Spinnenforscher Jäger geht davon aus, dass die Spinne irgendwann auch in Deutschland heimisch wird - bisher gibt es hier nur ungefährliche Spinnen. Beim Senckenberg-Institut werden neue Funde analysiert und eingeordnet. Sollte sich in Deutschland eine gefährliche Spinne verbreiten, wird es entsprechende Warnungen mit Verhaltensregeln geben. Aktuell gebe es aber keine medizinisch relevanten Spinnen in Deutschland.
Nach Angaben der Universität der Balearen kann die Violinspinne bis zu fünf Monate ohne Nahrung und Wasser überleben und sich gut verstecken. In manchen Gegenden ist sie schon so weit verbreitet, dass man sie leicht findet, sagt Forscher Jäger: "Auf Kreta ist sie eine sehr häufige Spinne. In trockenen Gegenden kann man sie leicht unter Steinen finden. Doch selbst dort, wo die Spinne schon lange in hohen Populationsdichten lebt, sind Berichte über Bisse der Braunen Einsiedlerspinne bisher eher selten."
Violinspinnen beißen nur bei Gefahr
"Diese Spinnen sind außerordentlich defensiv, überhaupt nicht aggressiv", sagt Spinnenexperte Jäger: "Sie sitzen in ihrem Fangnetz und warten auf Beute." Die Violinspinne würde nur beißen, wenn sie sich stark bedroht fühlt.

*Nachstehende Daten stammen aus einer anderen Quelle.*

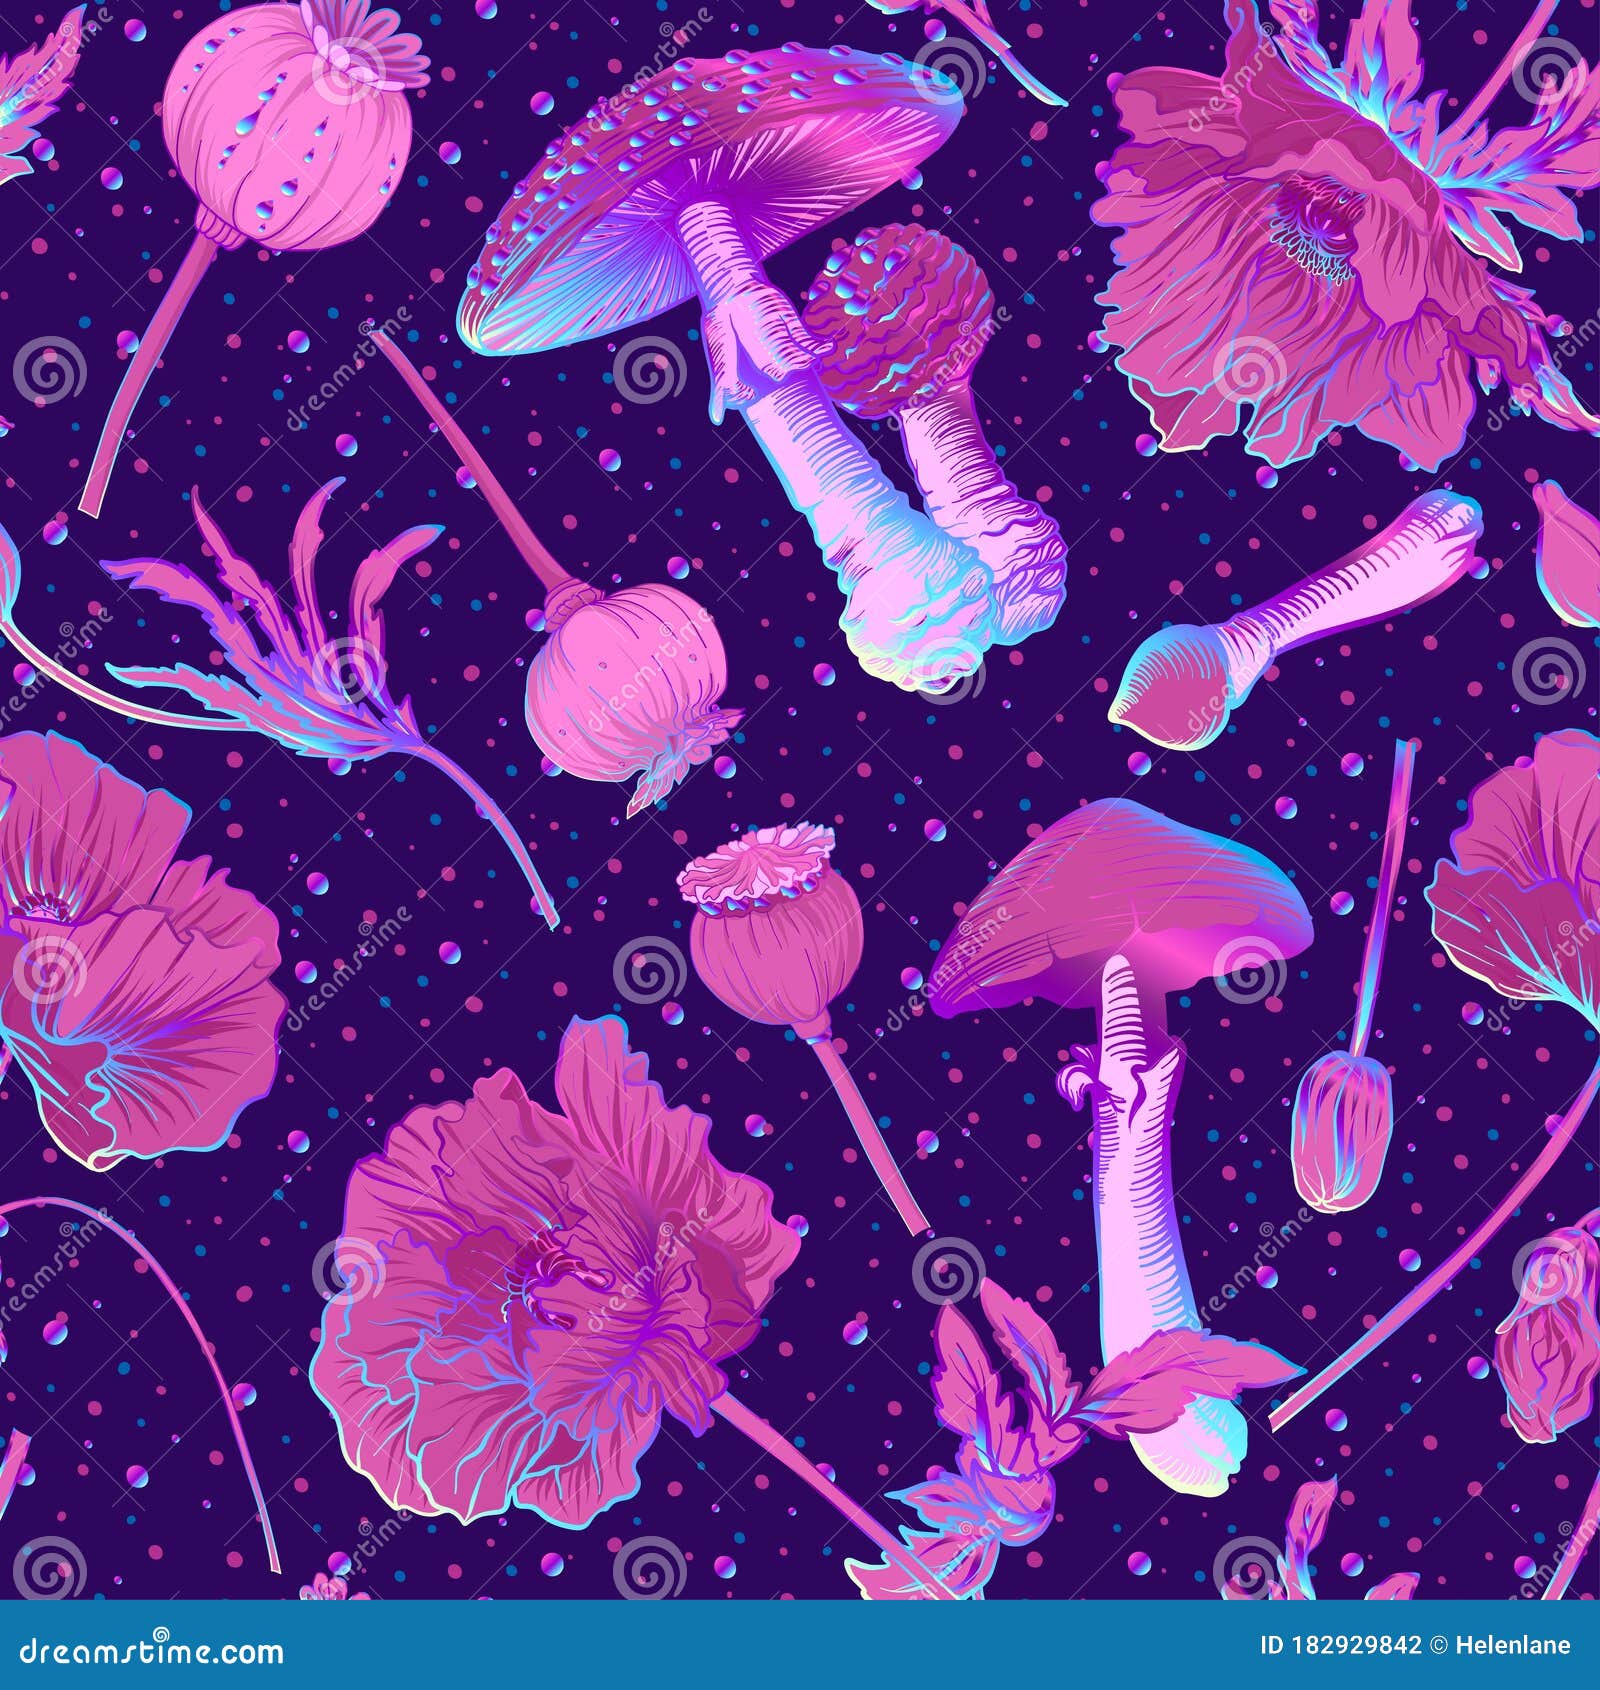 seamless pattern, background with miraculous, hallucinogenic plants
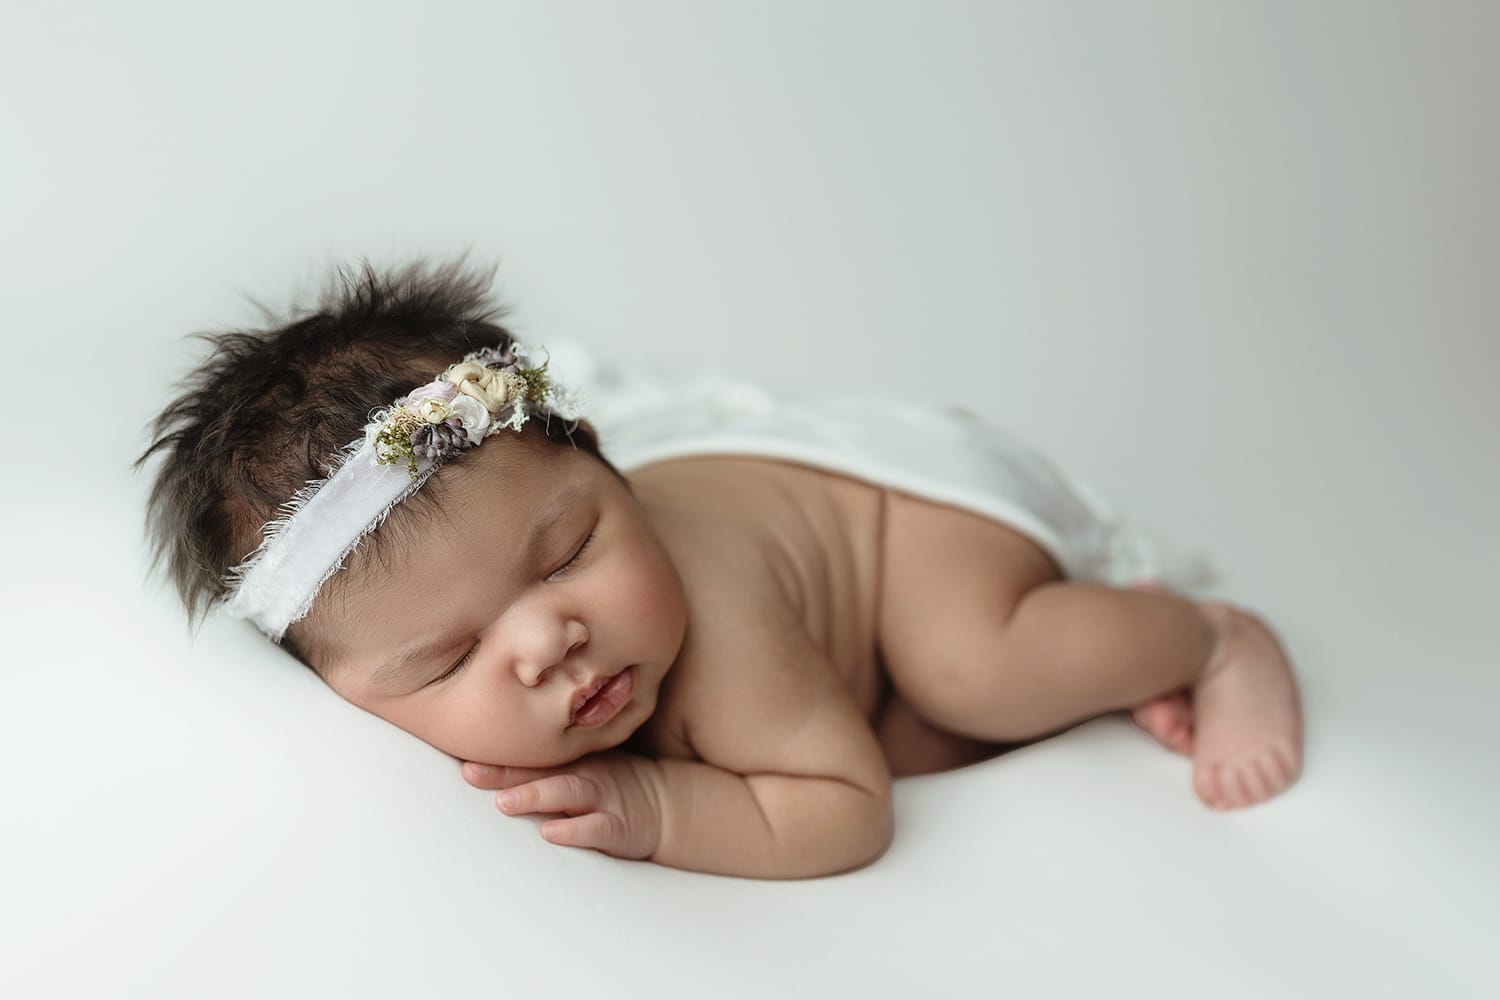 Newborn baby girl with white floral headband lying on her tummy with hand under cheek with Baton Rouge doula.

Viele Spinnenbisse passieren nachts, wenn sich der Mensch im Bett versehentlich auf die Spinne rollt.
Den Wirbel rund um die aktuellen Meldungen aus Italien hält Experte Jäger für übertrieben und sieht keine große Gefahr für einen Italien-Urlaub: "Diese Spinnen leben sehr versteckt. Im Zweifelsfall wird man die als Tourist überhaupt gar nicht sehen." Die Spinne versteckt sich häufig in Erdlöchern oder unter Steinen. Kommt es zu einem Biss, kann die Stelle mit Wasser und Seife gereinigt werden, um weitere Infektionen zu vermeiden. Bei stärkeren Rötungen kann eine Kortisonsalbe, aber auch der Einsatz von Antibiotika sinnvoll sein.
Die allermeisten Spinnenbisse bemerkt der Mensch überhaupt nicht, schwere Verläufe sind bei den in Europa lebenden Spinnenarten immer noch sehr selten. Daran wird sich laut Fachleuten auch durch die Violinspinne erst mal nichts ändern.